An index fund keeps costs low, which Buffett said is tremendously important when investing, because fees act like a tax on returns.
Buffett said that in his will he recommends that 90 percent of the money for his wife should go into an index fund. Why not Berkshire stock? “That would be fine, too,” he replied, but he doesn’t like “touting” it.
Buffett: Keystone is ‘good idea’ for country
Buffett said if it was up to him he would vote “yes” to approve the controversial Keystone pipeline even though it could take some business away from Berkshire Hathaway’s rail subsidiary, BNSF.
“It’s not that big a competitor. I think probably that the Keystone pipeline is good for the country.” He has “no idea,” however, if President Obama will approve it.
Buffett said the shale oil boom has helped BNSF. He acknowledged, however, that rail cars carrying the oil will need to be made safer and promised they will be.
“The oil from the Bakken, and from the Eagle Ford as well, turned out to be more volatile than people anticipated… We’ve lowered the speeds. It’s going to require another kind of tank car, too.”
BNSF announced previosuly that it will be buying 5,000 new tank cars. “We have found in the last year or so that it’s more dangerous to move certain types of crude certainly than was thought previously.”
In late December a North Dakota town had to be evacuated after a BNSF train carrying Bakken crude derailed and caught fire.
Buffett: Bitcoin ‘isn’t a currency’
In response to a question about bitcoin, Buffett said it “isn’t a currency” and he “wouldn’t be surprised” if it’s not around in 10 or 20 years.
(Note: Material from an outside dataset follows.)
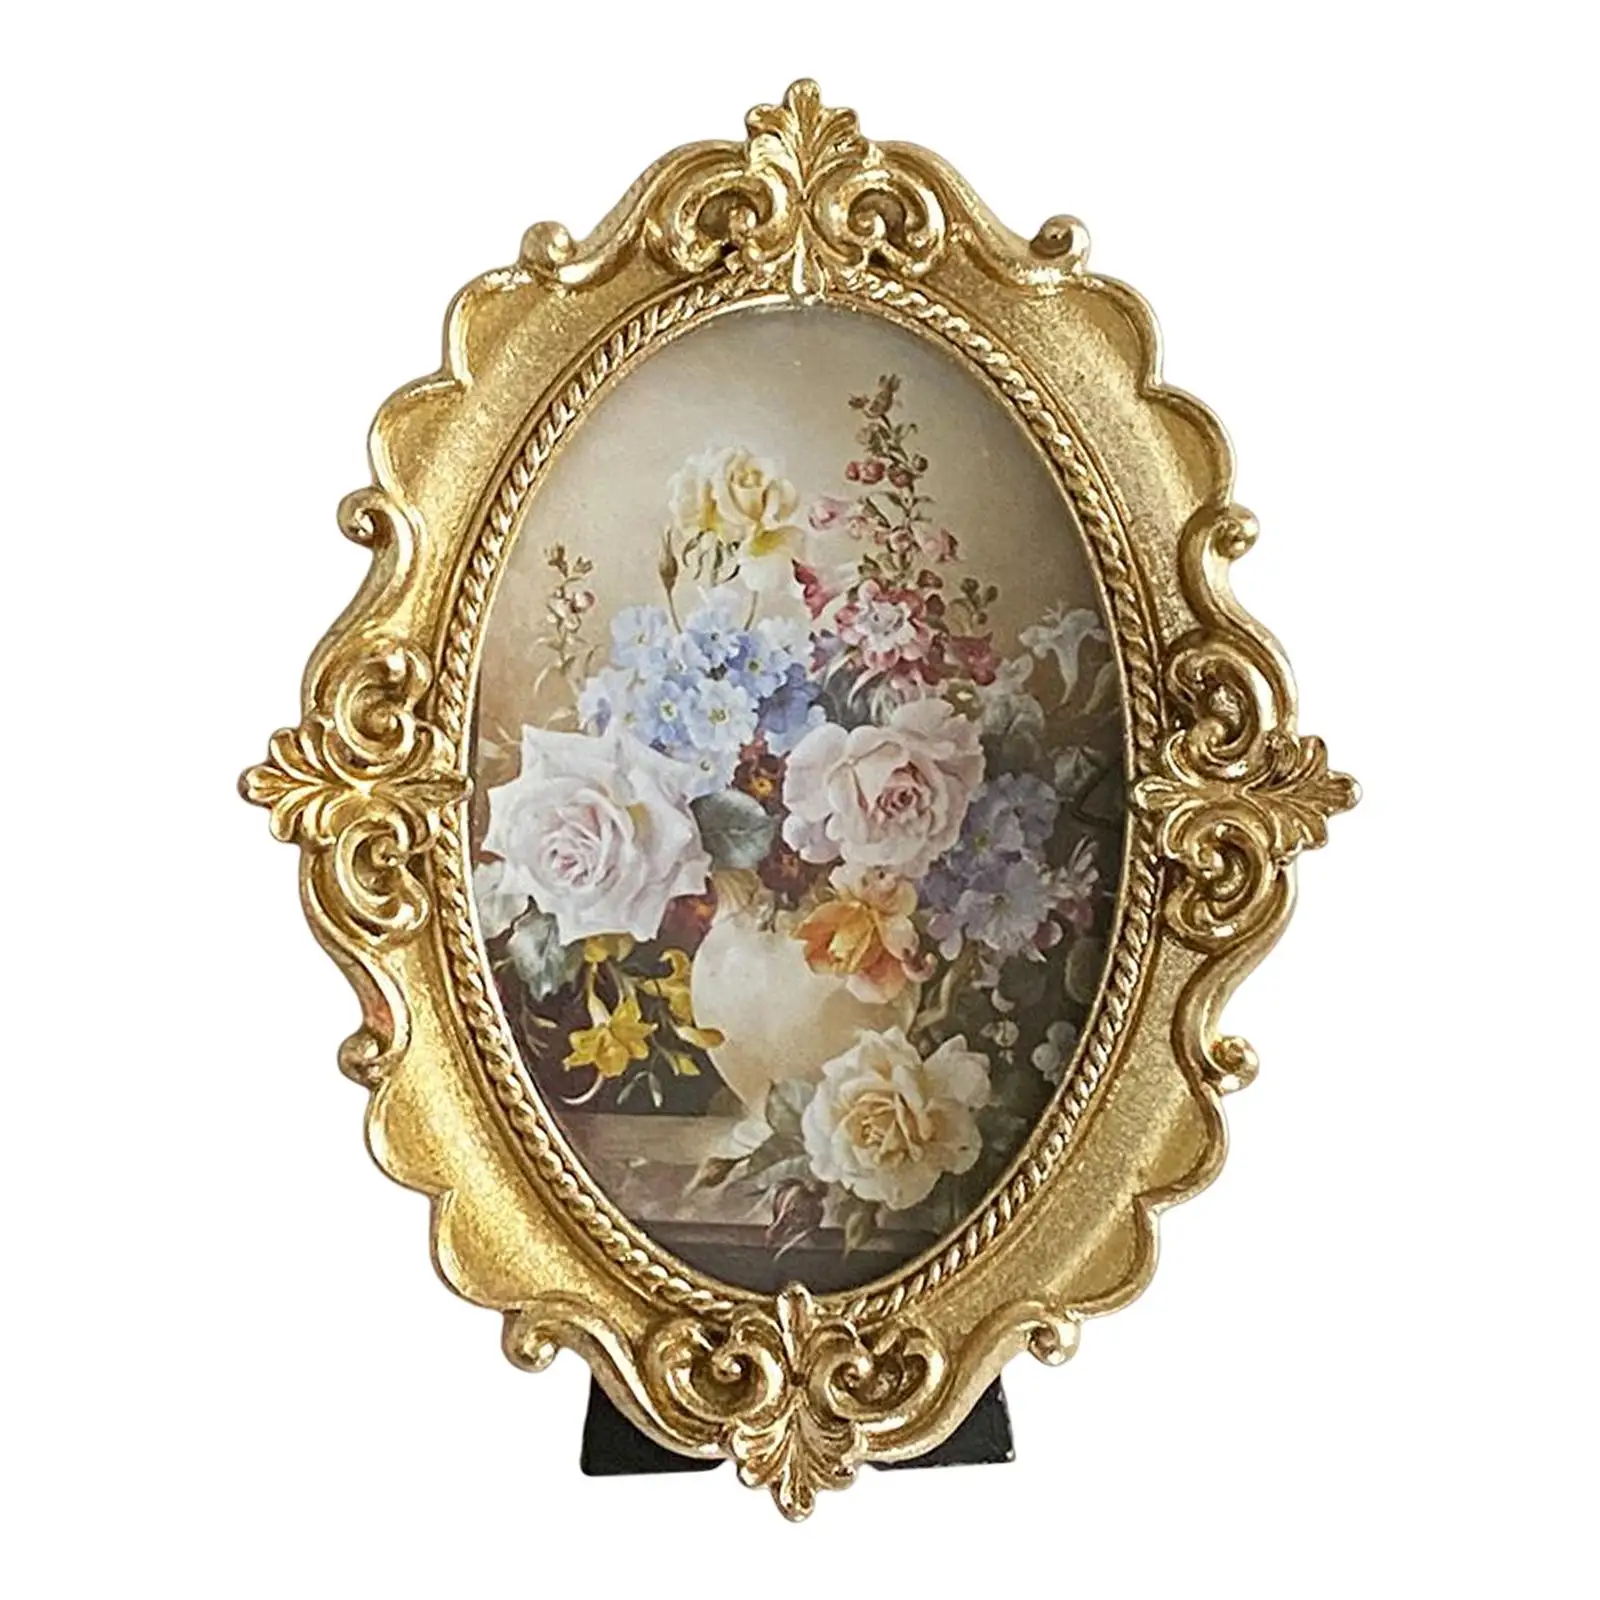 Photo Frame Picture Display Holder Tabletop Wall Hanging Ornate Resin Picture Frame for Living Room Bedroom Hallway Home Decor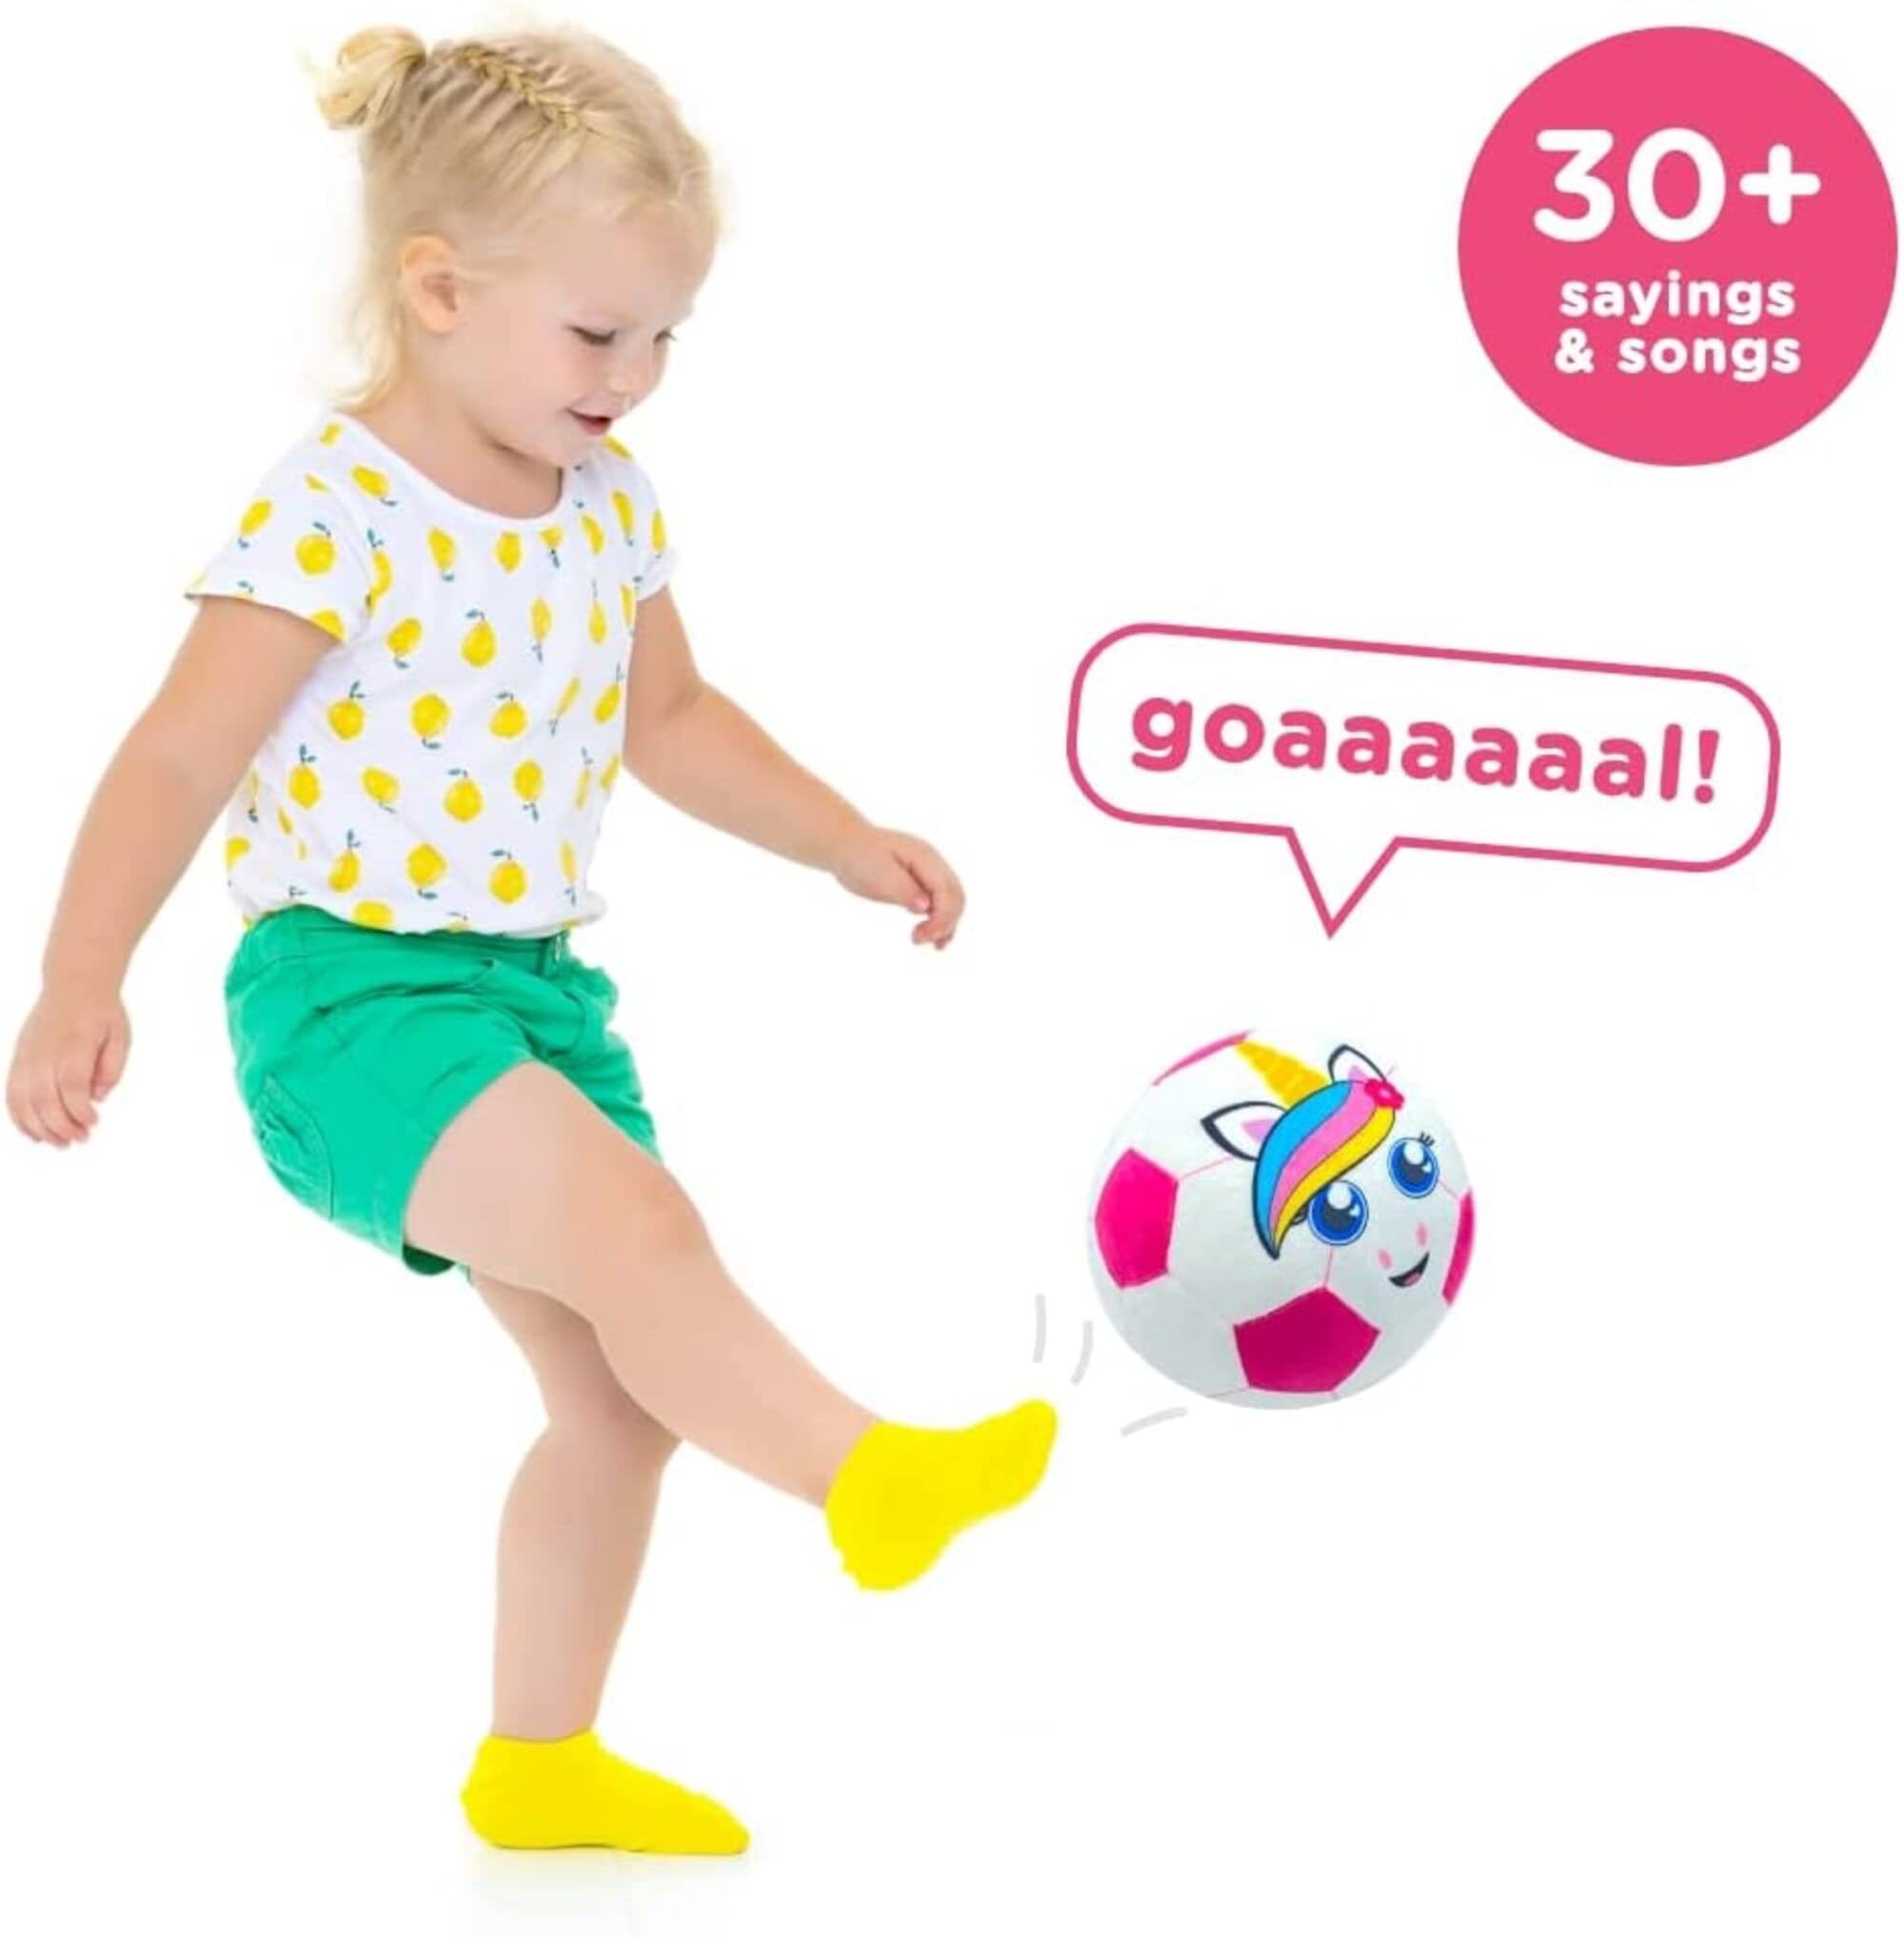 Move2Play, Hilariously Interactive Toy Soccer Ball with Music and Sound Effects, Ball for Toddlers, Birthday Gift for Boys and Girls 1, 2, 3+ Years Old

Since the price keeps moving around so dramatically, “It’s very speculative, a Buck Rogers kind of thing” like the Dutch tulip mania in 1637.
Buffett on IBM and Heinz
Buffett conceded he knows less about major Berkshire holding IBM than he knows about Wells Fargo, one of his banking favorites. He knows enough, however, to feel comfortable about owning the stock and IBM’s move lower means “nothing” to him. He conceded that IBM’s revenue trends have been below expectations, but likes the company’s stock buybacks. He also endorsed CEO Ginny Rometty. “I feel fine with her, but her record will be judged five years form now. There’s a lot doing on in that business.”
Buffett said he expects Berkshire will keep Heinz, its 2013 acquisition, “forever,” although there could be an initial public offering. He thinks Heinz will be a profitable, worldwide business for a long time.
He didn’t appear to be too concerned that some McDonald’s restaurants stopped serving Heinz ketchup because co-owner 3G also owns Burger King. He expects Berkshire will have similar minor conflicts as it gets bigger in the future.
On the economy, Buffett said the moderate but consistent growth that started in 2009 is continuing. That’s reflected in the performance of Berkshire’s businesses although bad weather is “certainly” a factor.
Buffett wouldn’t split Pepsi
Responding to a viewer’s question, Buffett said he doesn’t think PepsiCo should be split up, as investor Nelson Peltz has been advocating. He thinks the Frito-Lay business is an “extremely good,” better than the soft drink business. “But I think the soft drink business is good, too, and I don’t see any reason to split them up.”
He believes activist investors are generally looking to turn a quick profit. There’s nothing wrong with that, but he thinks it’s better to build shareholder value over the long run by building earning power over time.
Buffett said Coca-Cola, a major Berkshire holding, is “under a lot more pressure than it was 10 or 15 years ago, especially in the United States.” But, he said, Coke’s sales go up every year and it has “wonderful” brands and acceptance around the world. “I drink five a day and I’m feeling good.”
Berkshire ‘too big to fail?’
Buffett said, however, that “it’s very unlikely” Berkshire Hathaway will be designated by the government as a “too big to fail” firm. He said the designation of systemic importance to the financial system is “not based on size, it’s based on whether you’re likely to get in trouble.” Buffett has heard “absolutely nothing” from the government on the matter.
On the debate in Washington over raising the minimum wage, Buffett said it “cuts both ways” and he could “argue either side of that.” He does think it makes sense to increase the earned income tax credit to help the working poor. It’s “the better way” because you can accomplish “way more” without the negative, and hard to quantify, effects of raising the minimum wage.